You question me as to the nature of the benefits conferred upon me by Mr. E.’s preaching. I answer, that his influence has been more beneficial to me than that of any American, and that from him I first learned what ill meant by an inward life. Many other springs have since fed the stream of living waters, but he first opened the fountain. That the “mind is its own place,” was a dead phrase to me, till he cast light upon my mind. Several of his sermons stand apart in memory, like landmarks of my spiritual history. It would take a volume to tell what this one influence did for me. But perhaps I shall some time see that it was best for me to be forced to help myself.
Some remarks which I made last night trouble me, and I cannot fix my attention upon other things till I have qualified them. I suffered myself to speak in too unmeasured terms, and my expressions were fitted to bring into discredit the religious instruction which has been given me, or which I have sought.
I do not think “all men are born for the purpose of unfolding beautiful ideas;” for the vocation of many is evidently the culture of affections by deeds of kindness. But I do think that the vocations of men and women differ, and that those who are forced to act out of their sphere are shorn of inward and outward brightness.

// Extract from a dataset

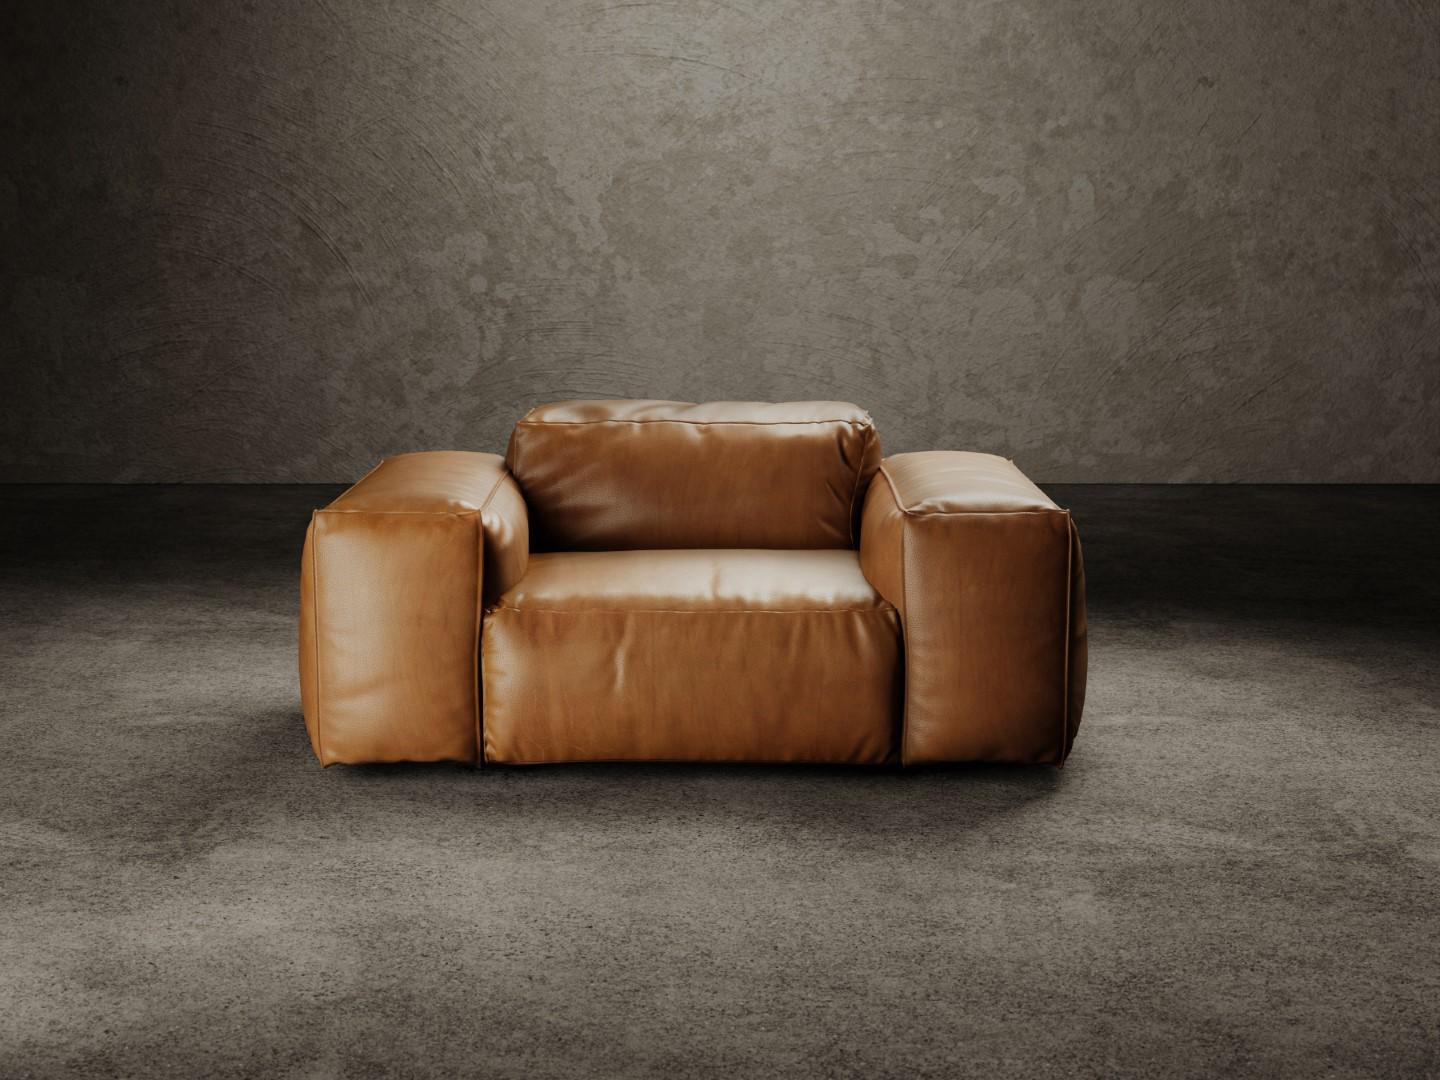 Der Sessel RENCONTRE MOI besteht aus einer Holzschale, die mit Polyurethanschaum unterschiedlicher Dichte gepolstert ist, und einer mit Gänsefedern gemischten Deckschicht. Der Sessel ist komplett mit Stoff oder Leder bezogen. Die Formen von

For myself, I wish to say, that, if I am in a mood of darkness and despondency, I nevertheless consider such a mood unworthy of a Christian, or indeed of any one who believes in the immortality of the soul. No one, who had steady faith in this and in the goodness of God, could be otherwise than cheerful. I reverence the serenity of a truly religious mind so much, that I think if I live, I may some time attain to it.
Although I do not believe in a Special Providence regulating outward events, and could not reconcile such a belief with what I have seen of life, I do not the less believe in the paternal government of a Deity. That He should visit the souls of those who seek Him seems to me the nobler way to conceive of his influence. And if there were not some error in my way of seeking: I do not believe I should suffer from languor or deadness on spiritual subjects, at the time when I have most need to feel myself at home there. To find this error is my earnest wish; and perhaps I am now travelling to that end, though by a thorny road. It is a mortification to find so much yet to do; for at one time the scheme of things seemed so clear, that, with Cromwell, I might say, “I was once in grace.” With my mind I prize high objects as much as then: it is my heart which is cold. And sometimes I fear that the necessity of urging them on those under my care dulls my sense of their beauty. It is so hard to prevent one’s feelings from evaporating in words.

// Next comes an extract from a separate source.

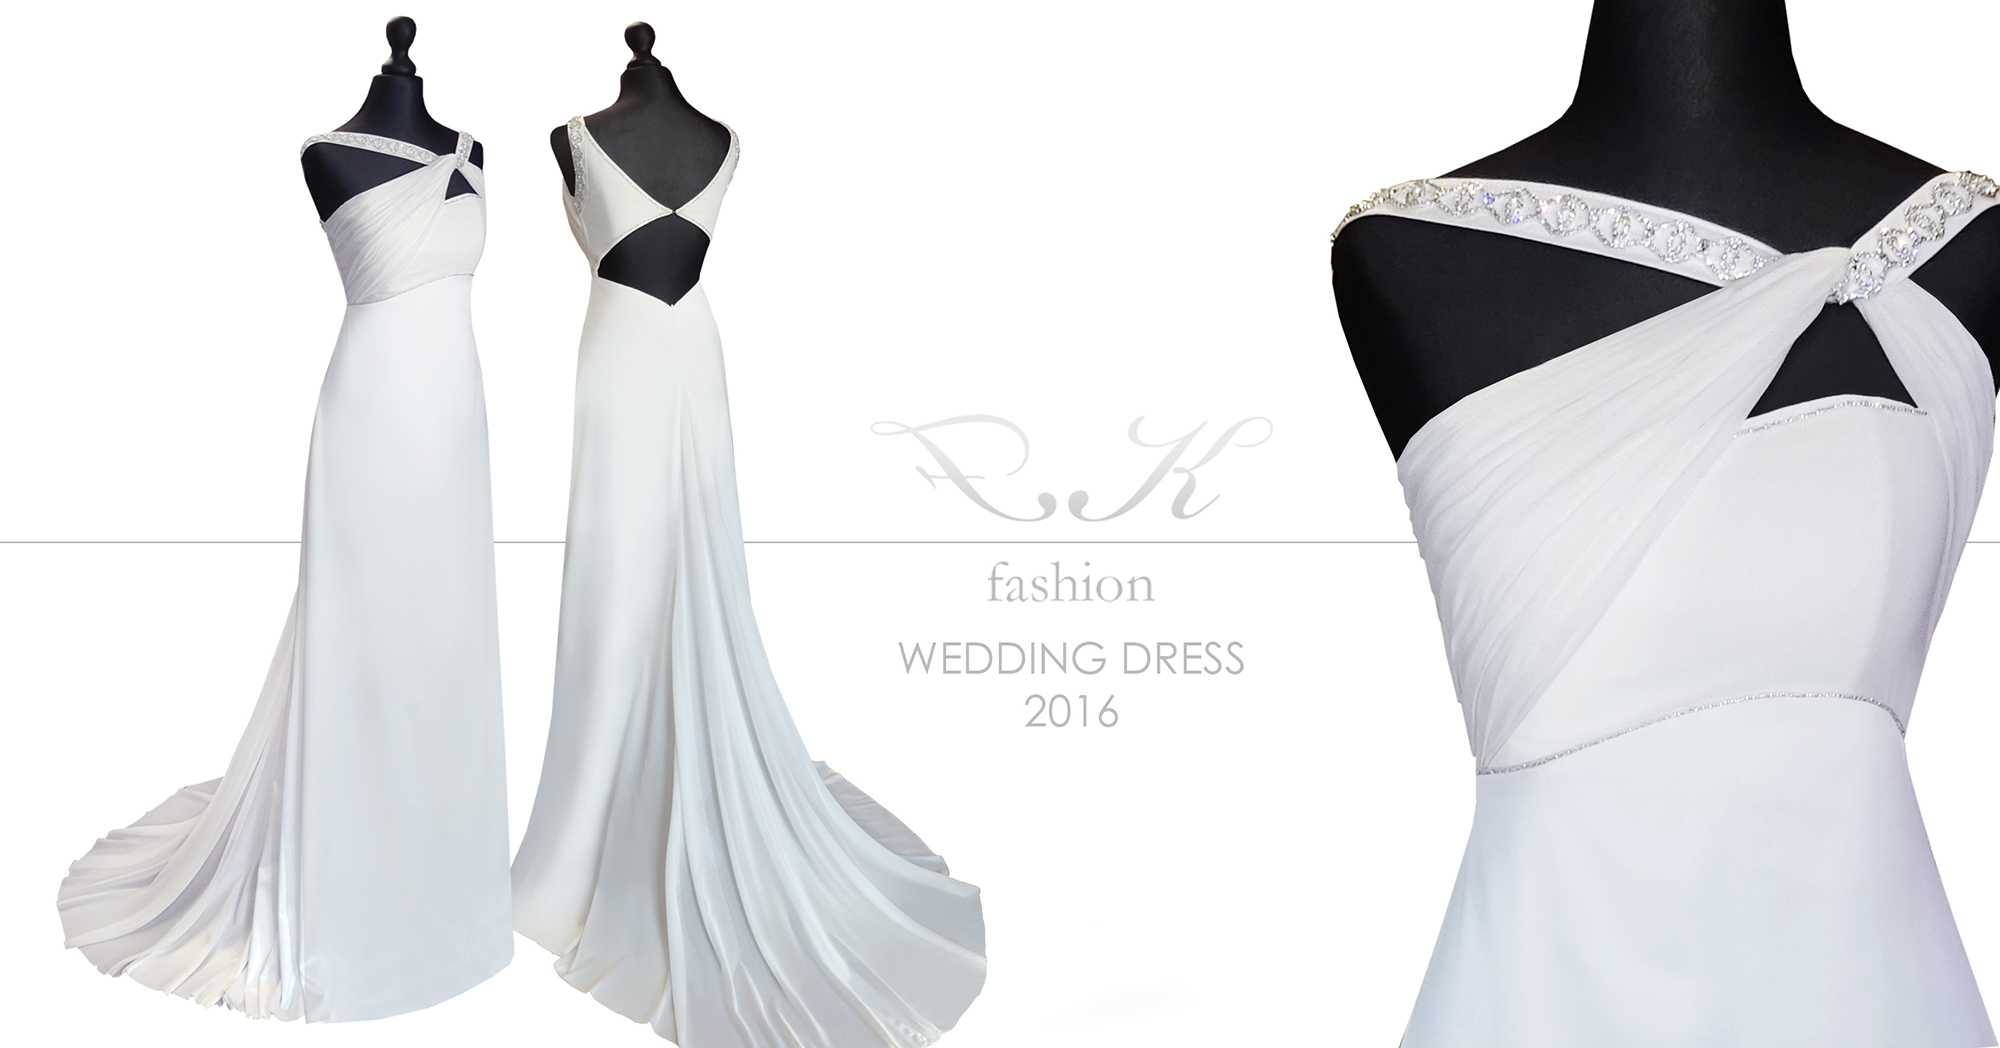 Aszimmetrikus menyasszonyi ruha, nyitott háttal - Zsófi álomruhája

“The faint sickness of a wounded heart.” How frequently do these words of Beckford recur to my mind! His prayer, imperfect as it is, says more to me than many a purer aspiration. It breathes such an experience of impassioned anguish. He had everything,—health, personal advantages, almost boundless wealth, genius, exquisite taste, culture; he could, in some way, express his whole being. Yet well-nigh he sank beneath the sickness of the wounded heart; and solitude, “country of the unhappy,” was all he craved at last.
Goethe, too, says he has known, in all his active, wise, and honored life, no four weeks of happiness. This teaches me on the other side; for, like Goethe, I have never given way to my feelings, but have lived active, thoughtful, seeking to be wise. Yet I have long days and weeks of heartache; and at those times, though I am busy every moment, and cultivate every pleasant feeling, and look always upwards to the pure ideal region, yet this ache is like a bodily wound, whose pain haunts even when it is not attended to, and disturbs the dreams of the patient who has fallen asleep from exhaustion.
There is a German in Boston, who has a wound in his breast, received in battle long ago. It never troubles him, except when he sings, and then, if he gives out his voice with much expression, it opens, and cannot, for a long time, be stanched again. So with me: when I rise into one of those rapturous moods of thought, such as I had a day or two since, my wound opens again, and all I can do is to be patient, and let it take its own time to skin over. I see it will never do more. Sometime ago I thought the barb was fairly out; but no, the fragments rankle there still, and will, while there is any earth attached to my spirit. Is it not because, in my pride, I held the mantle close, and let the weapon, which some friendly physician might have extracted, splinter in the wound?
Sunday, July, 1838.—I partook, for the first time, of the Lord’s Supper. I had often wished to do so, but had not been able to find a clergyman,—from whom I could be willing to receive it,-willing to admit me on my own terms. Mr. H— did so; and I shall ever respect and value him, if only for the liberality he displayed on this occasion. It was the Sunday after the death of his wife, a lady whom I truly honored, and should, probably, had we known one another longer, have also loved. She was the soul of truth and honor; her mind was strong, her reverence for the noble and beautiful fervent, her energy in promoting the best interests of those who came under her influence unusual. She was as full of wit and playfulness a1 of goodness. Her union with her husband was really one of mind and heart, of mutual respect and tenderness; likeness in unlikeness made it strong. I wished particularly to share in this rite on an occasion so suited to bring out its due significance.